Follow-up: Most patients are rechecked in 2 to 3 days to remove packing if placed, and to confirm the infection is resolving. Wound healing usually takes 1 to 2 weeks for small abscesses, longer for larger ones.

Treatment Beyond the Procedure

An I&D is the foundation of treatment, but it is often not the whole picture:

  • Antibiotics. Smaller, uncomplicated abscesses in healthy patients often don't need antibiotics after drainage. Larger abscesses, surrounding cellulitis, immunocompromised patients, or MRSA-positive cultures get oral antibiotics, most commonly trimethoprim-sulfamethoxazole, clindamycin, or doxycycline.
  • MRSA culture. We routinely culture abscesses, especially in patients with recurrent infections. Results take 2 to 3 days and help us tailor antibiotics.
  • Pain control. Most post-procedure pain is well-controlled with ibuprofen and acetaminophen.
  • Decolonization protocol. For patients with two or more abscesses in a year, we recommend a nasal mupirocin and chlorhexidine body wash decolonization protocol to reduce recurrence.
  • Screening for underlying causes. Recurrent boils warrant a workup for diabetes, immune dysfunction, and skin colonization. The American Academy of Family Physicians' guidance on managing skin abscesses summarizes the evidence we follow.

For abscesses we determine are too deep, too complex, or in a sensitive location (face, hand, perirectal), we refer directly to surgery or the ER and help coordinate that care through our specialist referrals team.

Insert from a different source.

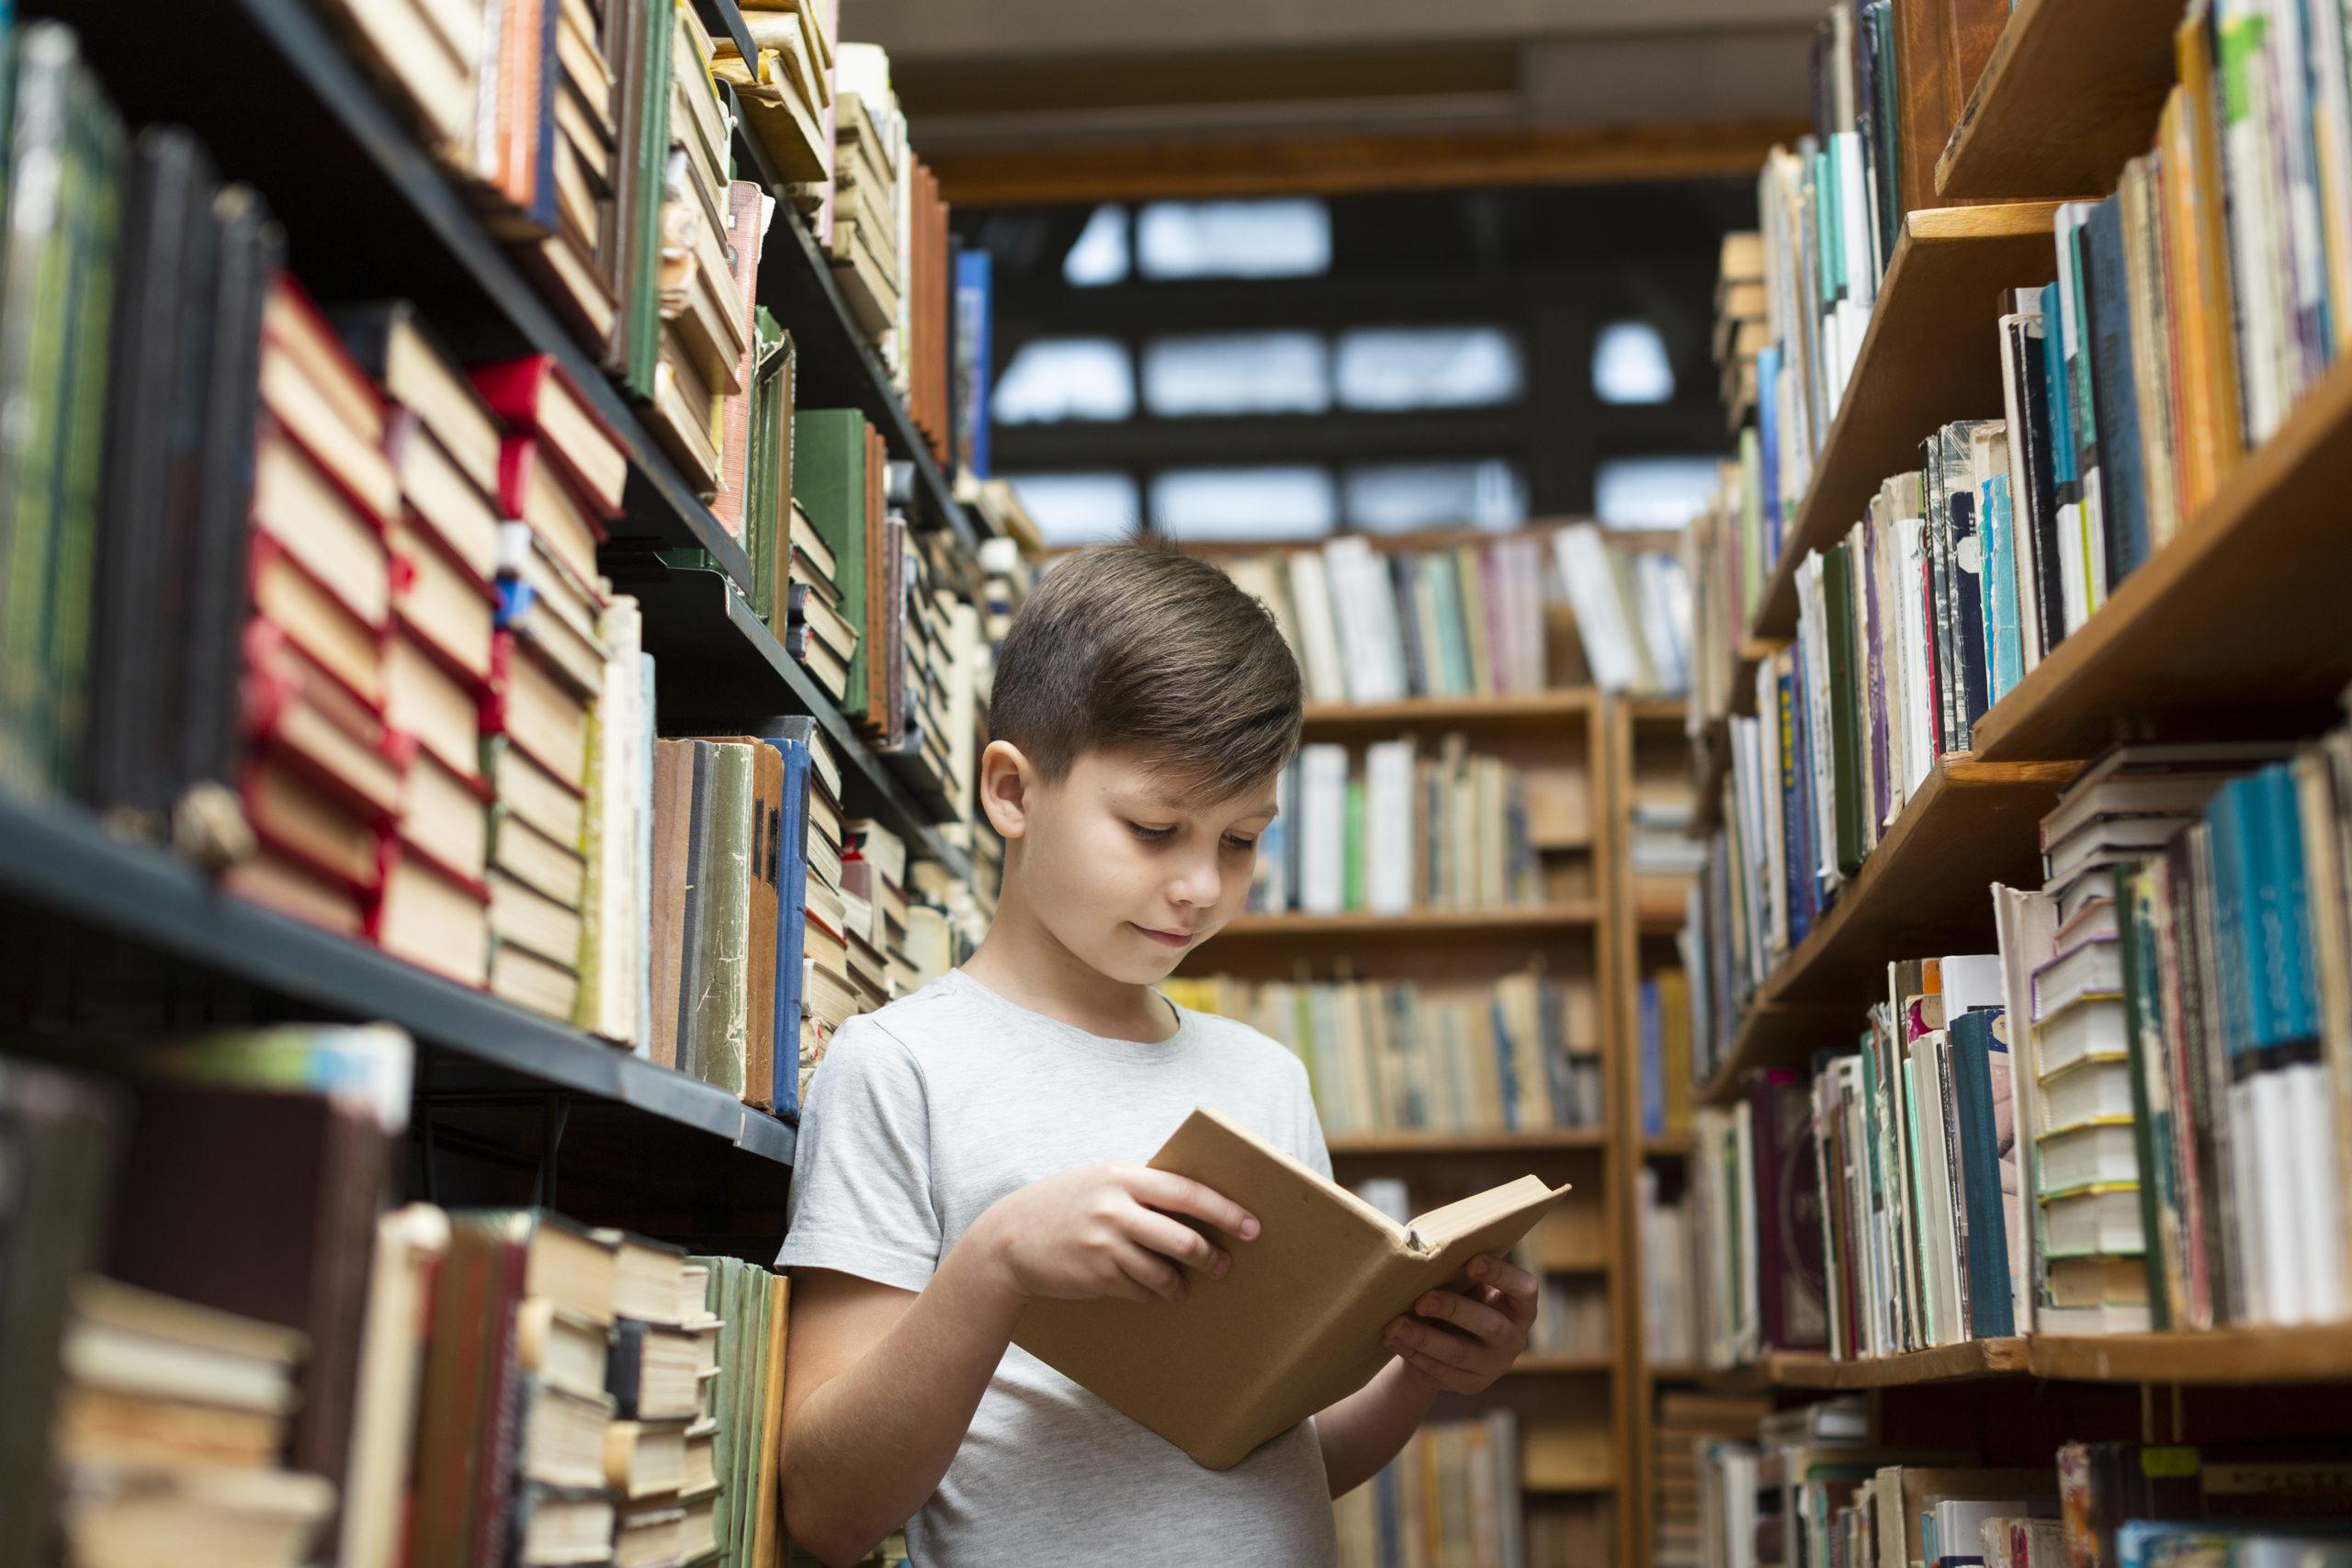 Dječak čita knjigu u knjižnici između polica

Why Choose Good Health NC for I&D

Most patients have two real options for a painful abscess: a long ER wait, or a smaller urgent care that may or may not do the procedure that day. At Good Health NC, we handle straightforward I&Ds in-office, on a walk-in basis, with primary care follow-up built in. That matters because:

  • You don't pay an ER facility fee for a 20-minute procedure
  • You see the same clinical team for follow-up that did the original drainage
  • If the abscess turns out to be recurrent, we already have you in the system to investigate the underlying cause
  • We culture appropriately and adjust antibiotics, rather than treating empirically and hoping for the best

Walk-ins are welcome at our Knightdale location, and same-day appointment availability is the norm.

FAQ

Incision & Drainage of Abscesses — Frequently Asked Questions

Cost depends on your insurance plan and whether you are paying cash. In North Carolina, cash prices for an outpatient I&D typically range from about $330 to $600. Most major commercial insurance plans, Medicare, and Medicare Advantage are expected to be accepted at opening, in which case you pay your normal urgent care copay plus any procedure-related cost share. Urgent care I&D is almost always dramatically less expensive than the same procedure performed in an emergency room.